**Work to be completed**: Exclude all pictures from your copy of the data below, which should otherwise match exactly.

**Record set**:
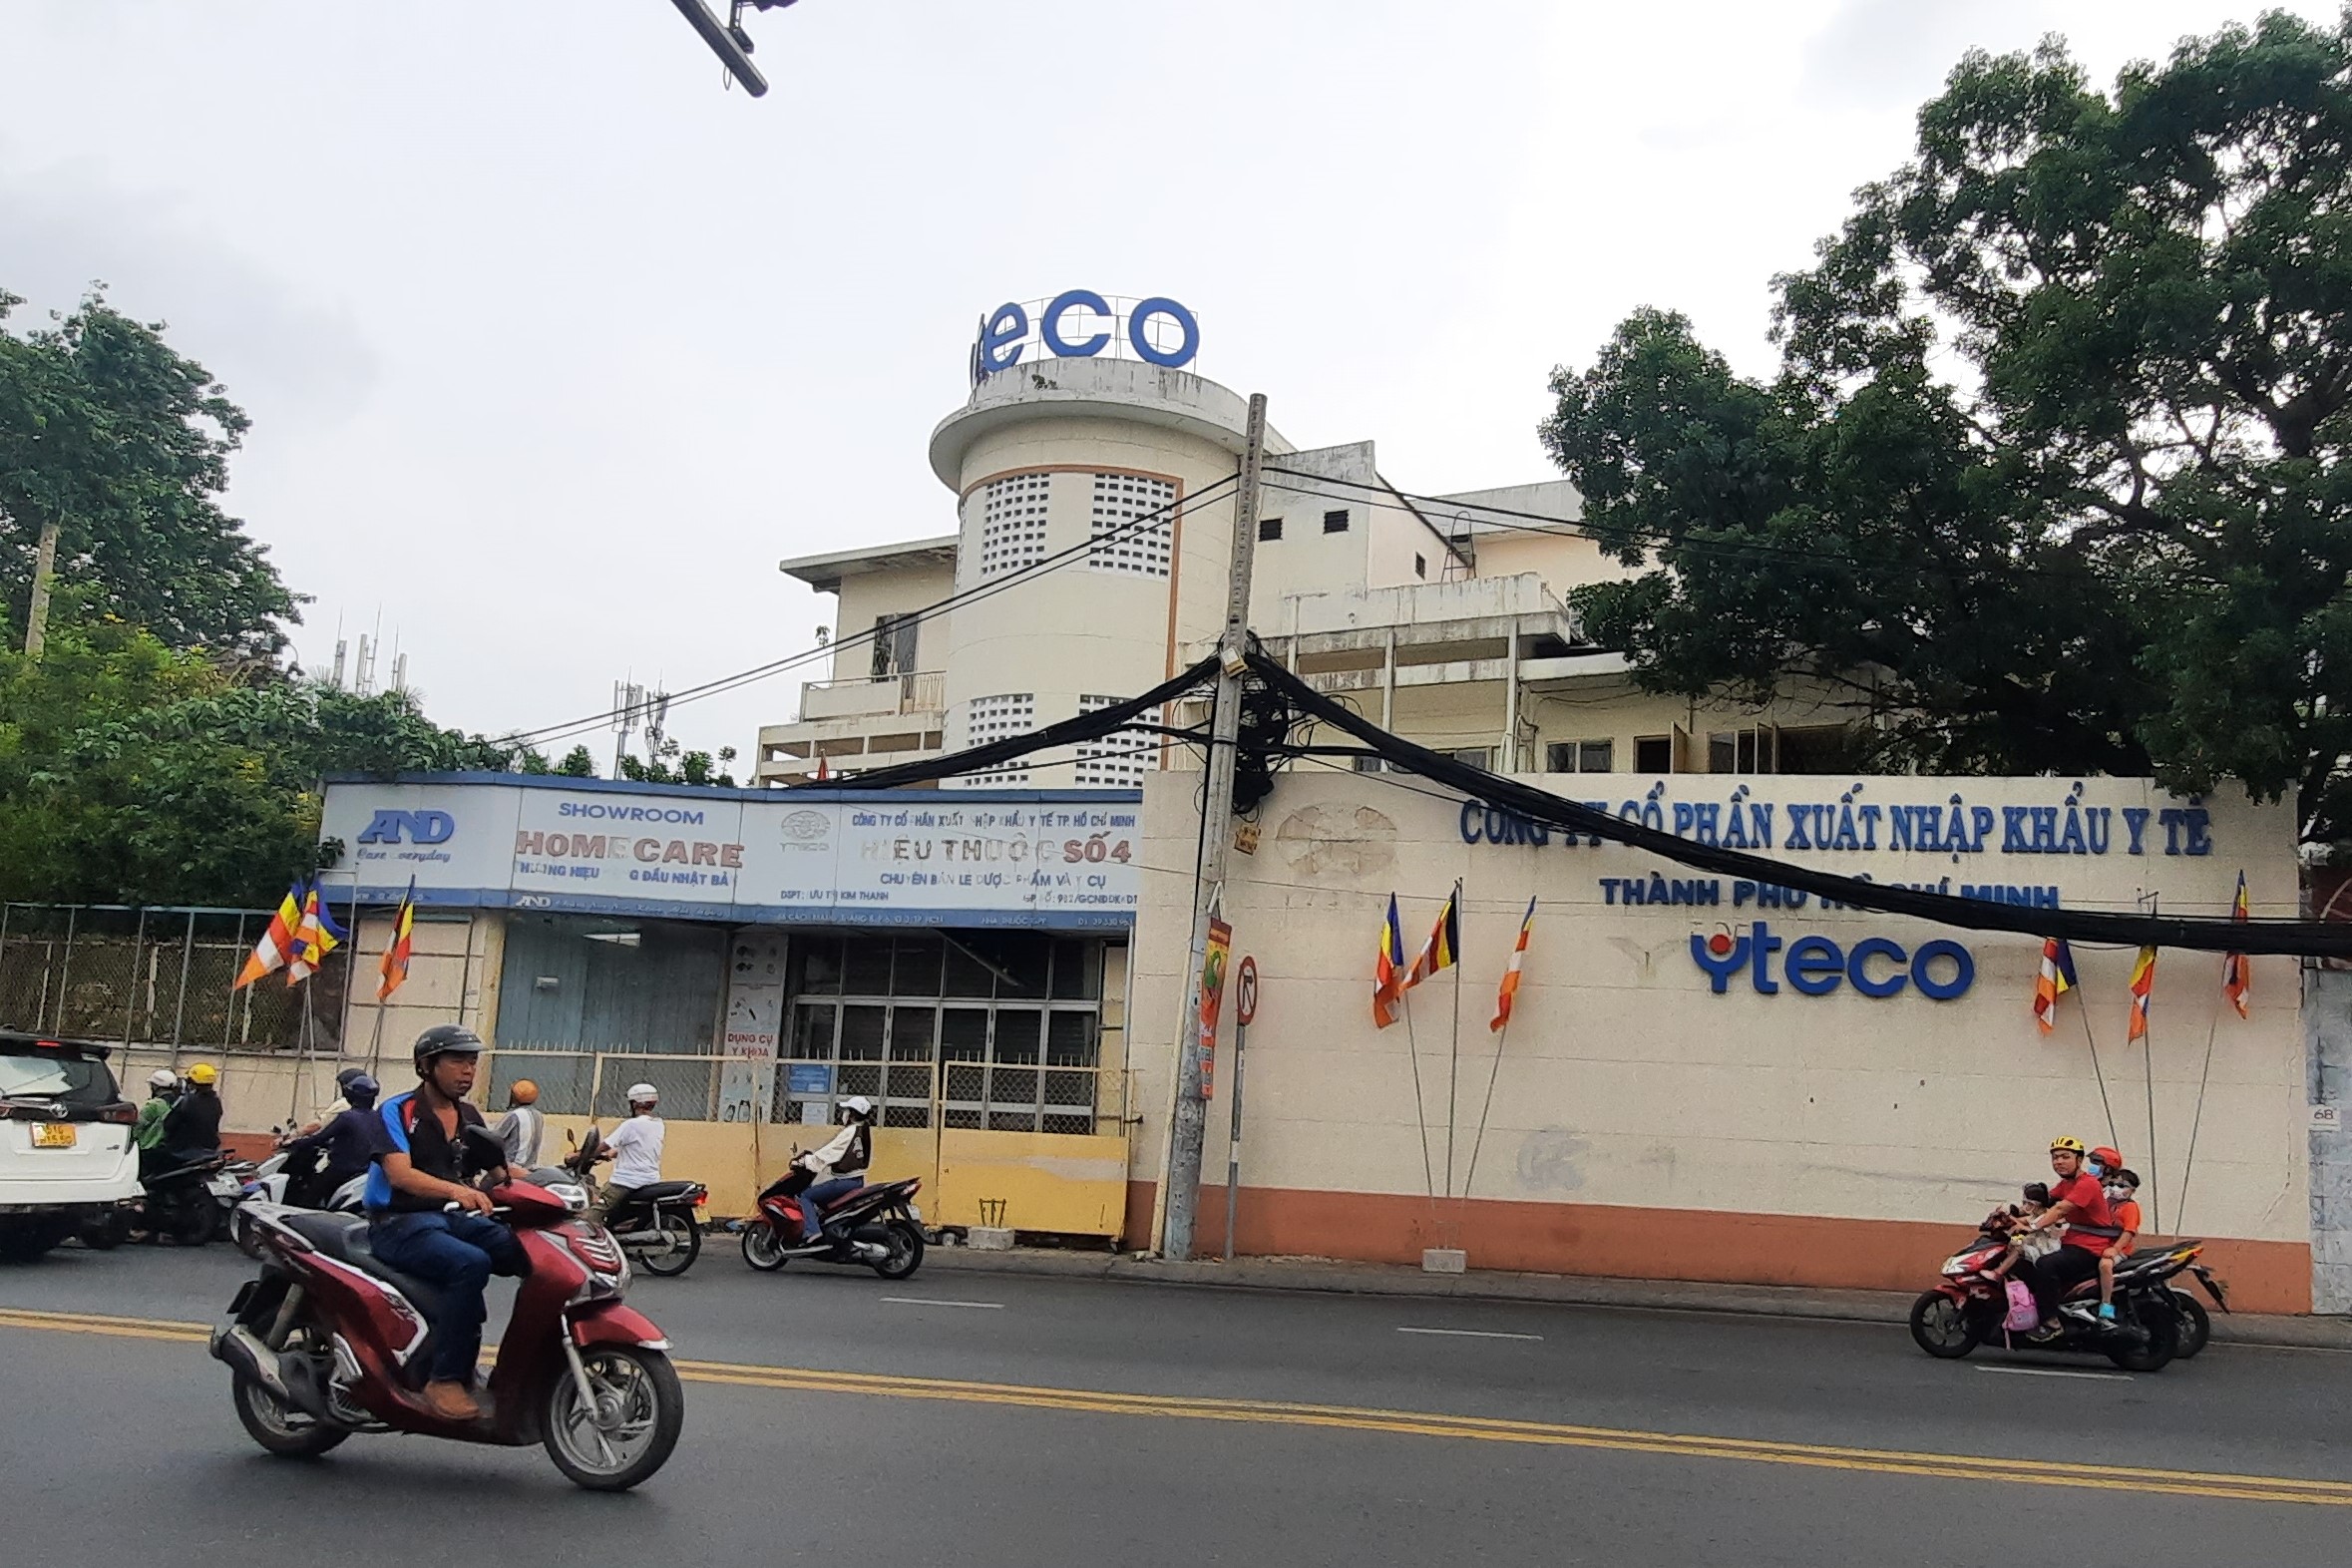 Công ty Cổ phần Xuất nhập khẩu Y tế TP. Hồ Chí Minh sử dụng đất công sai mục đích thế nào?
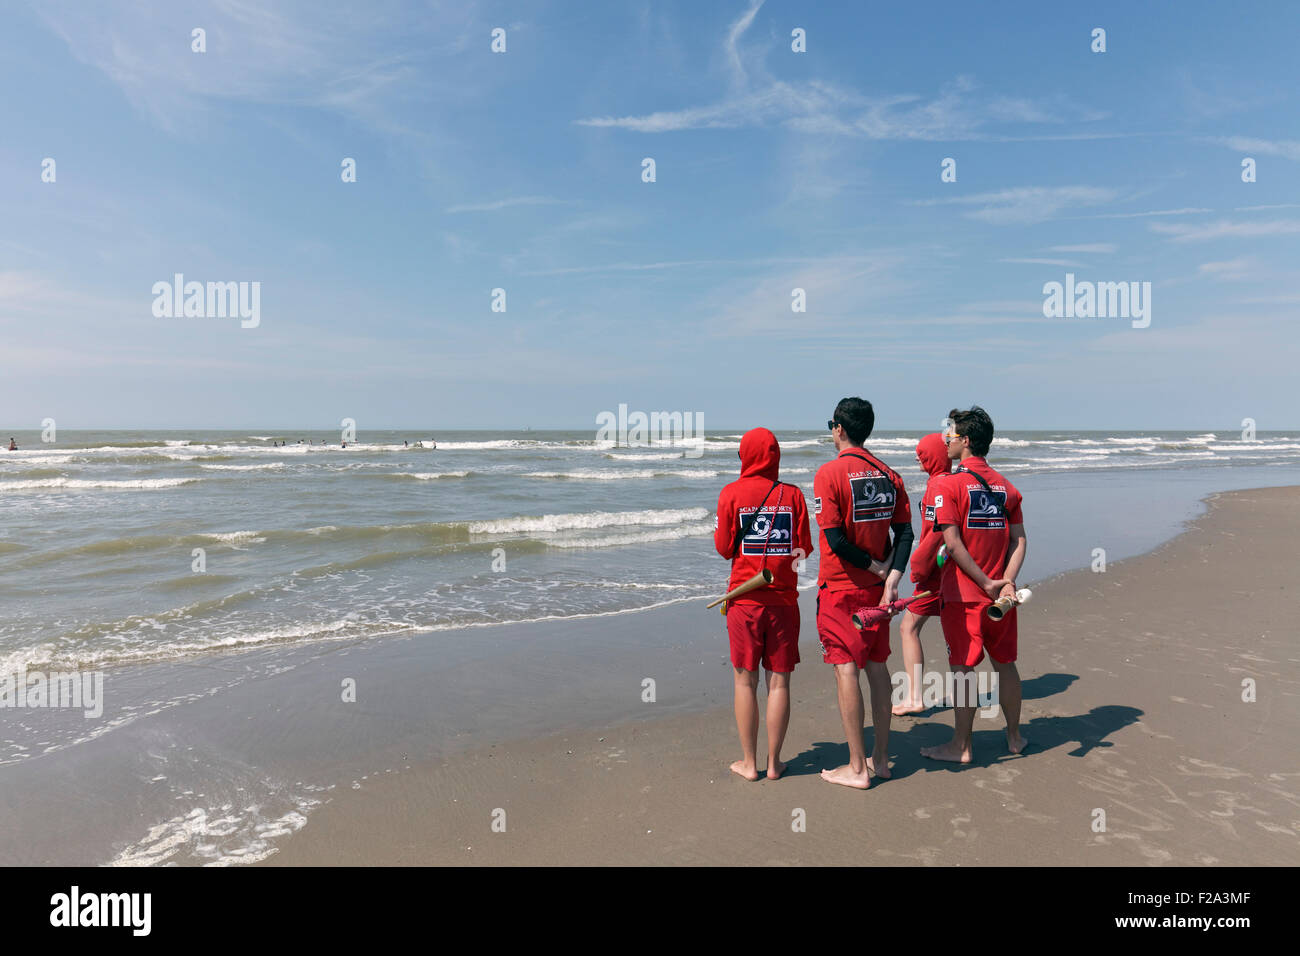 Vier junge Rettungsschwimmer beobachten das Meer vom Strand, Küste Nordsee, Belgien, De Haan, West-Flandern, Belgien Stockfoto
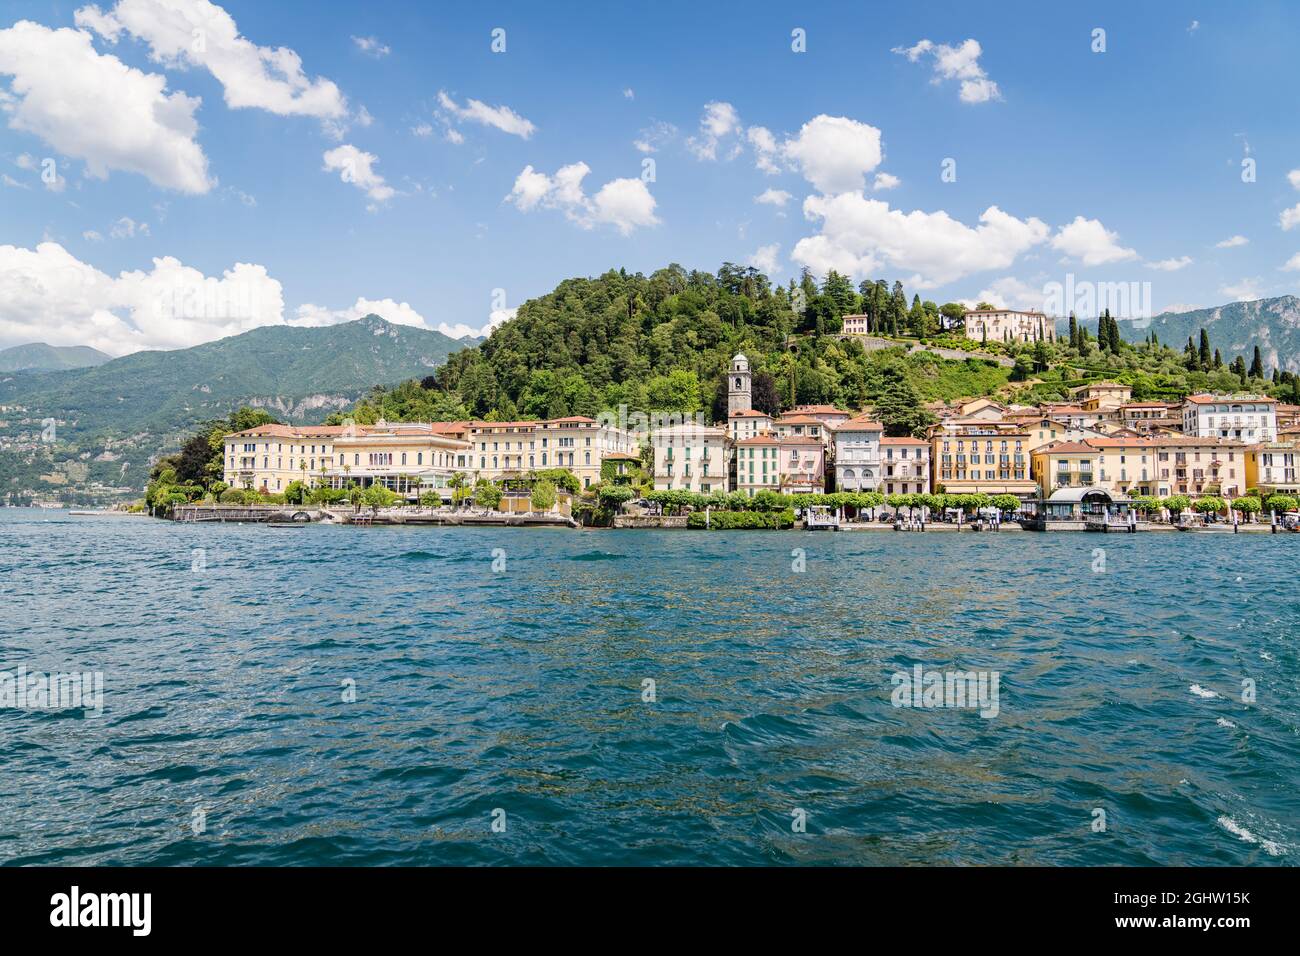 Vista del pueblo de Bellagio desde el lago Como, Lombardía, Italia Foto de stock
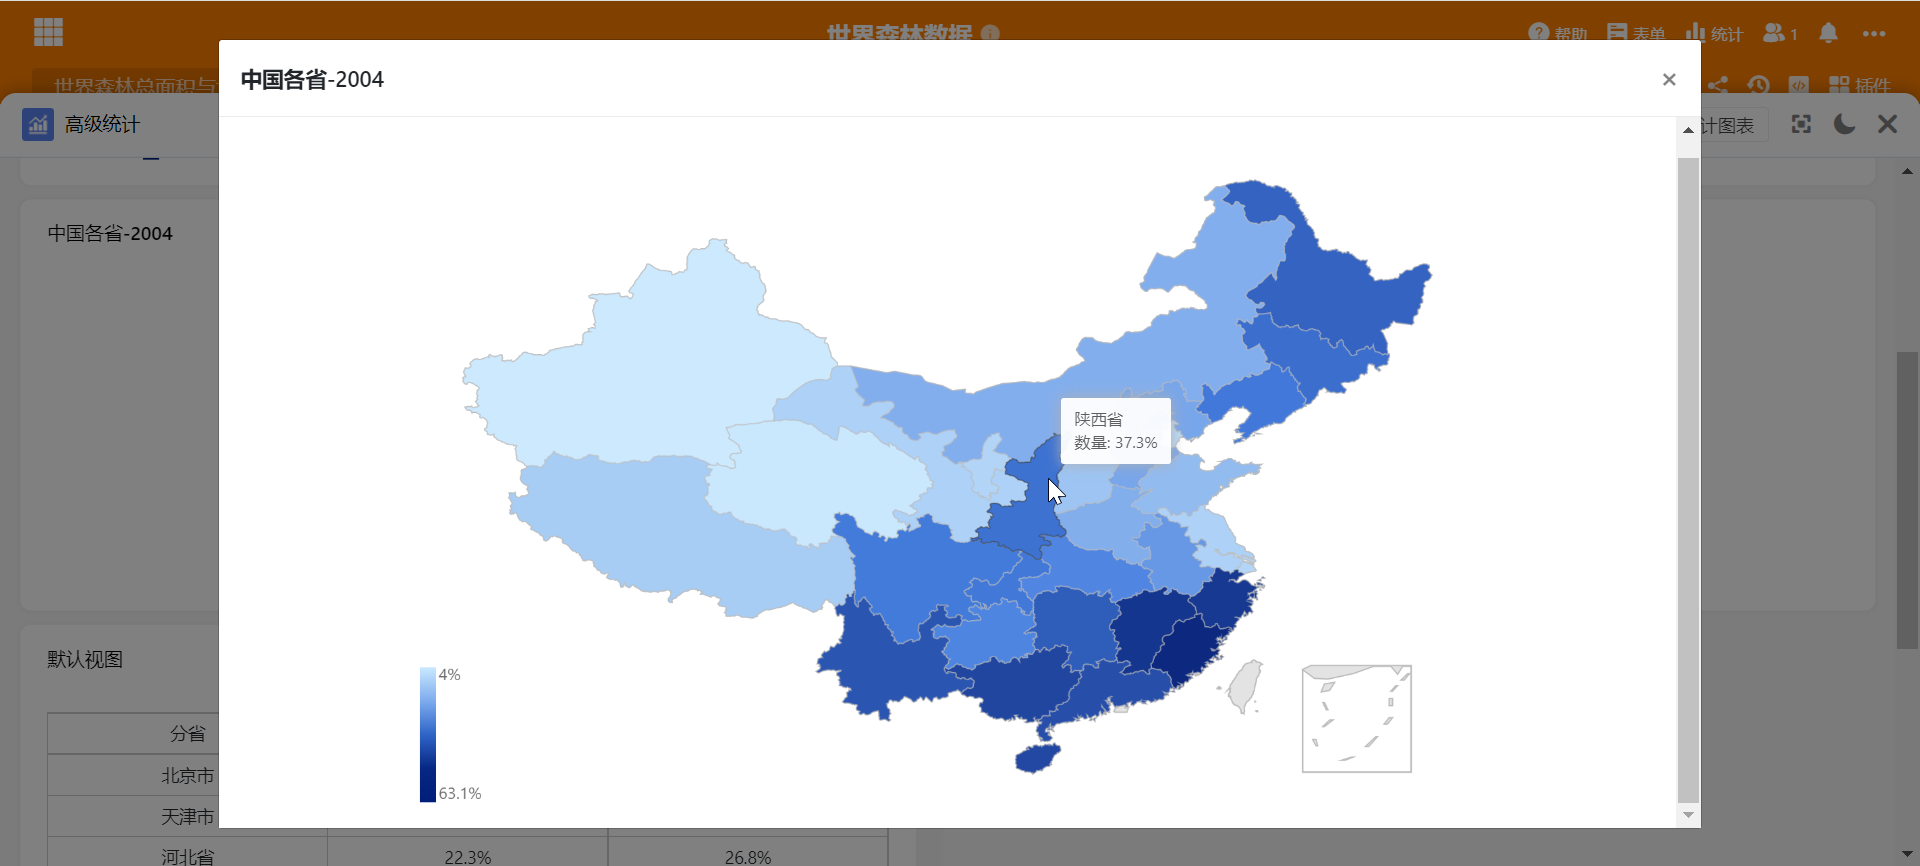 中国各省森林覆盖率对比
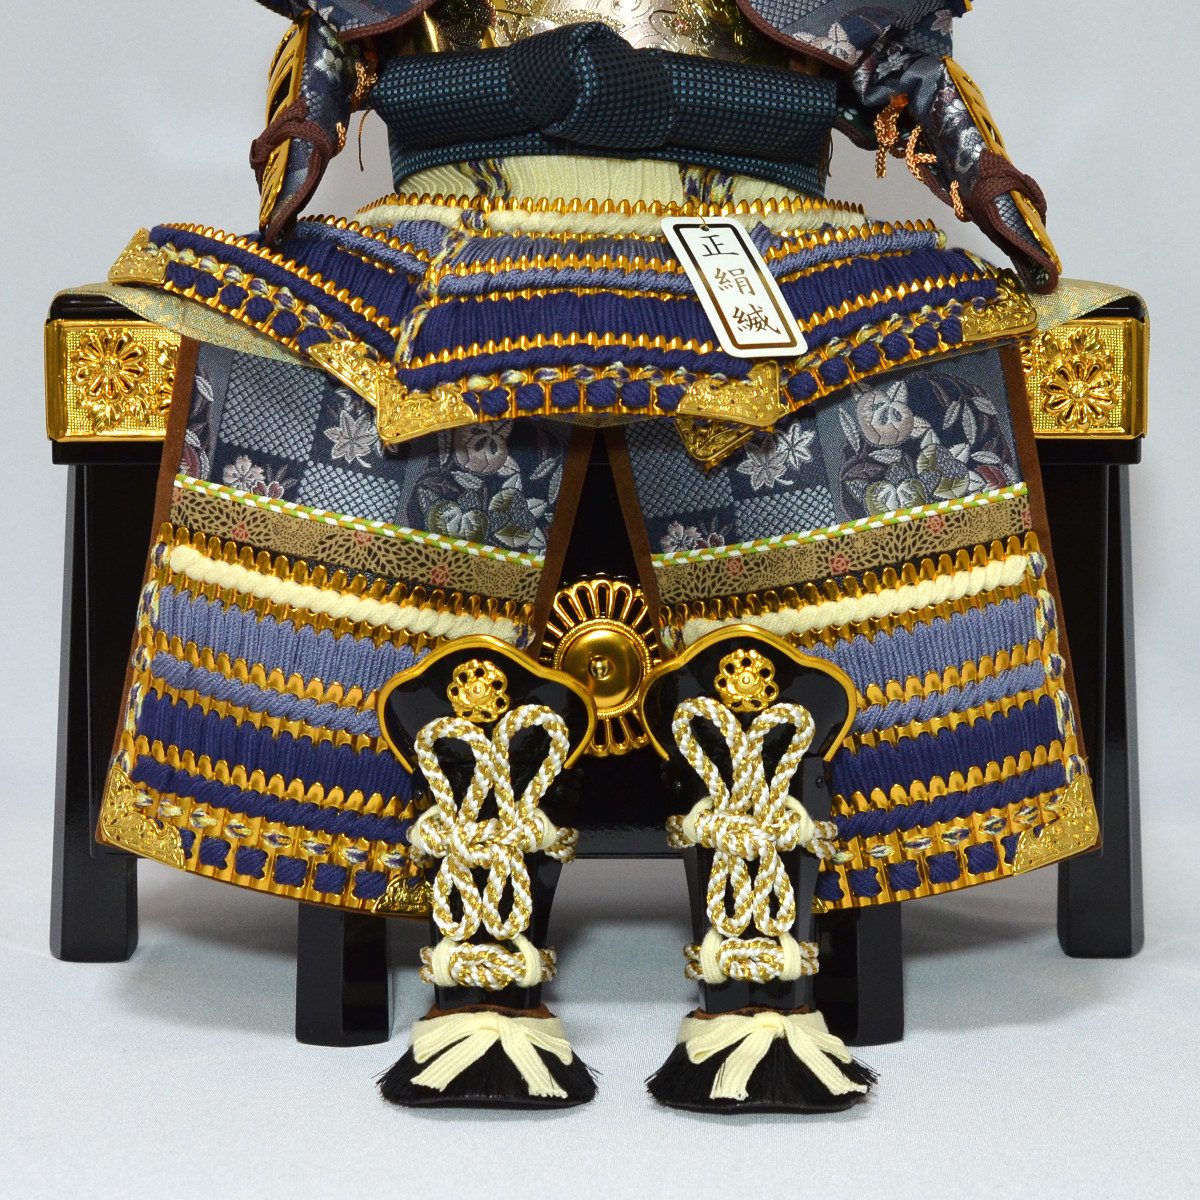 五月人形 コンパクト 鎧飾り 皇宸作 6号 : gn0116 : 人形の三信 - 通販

**Answer to the exercise**:
 Công ty Cổ phần Xuất nhập khẩu Y tế TP. Hồ Chí Minh sử dụng đất công sai mục đích thế nào?
 Vier junge Rettungsschwimmer beobachten das Meer vom Strand, Küste Nordsee, Belgien, De Haan, West-Flandern, Belgien Stockfoto
 Vista del pueblo de Bellagio desde el lago Como, Lombardía, Italia Foto de stock
 中国各省森林覆盖率对比
 五月人形 コンパクト 鎧飾り 皇宸作 6号 : gn0116 : 人形の三信 - 通販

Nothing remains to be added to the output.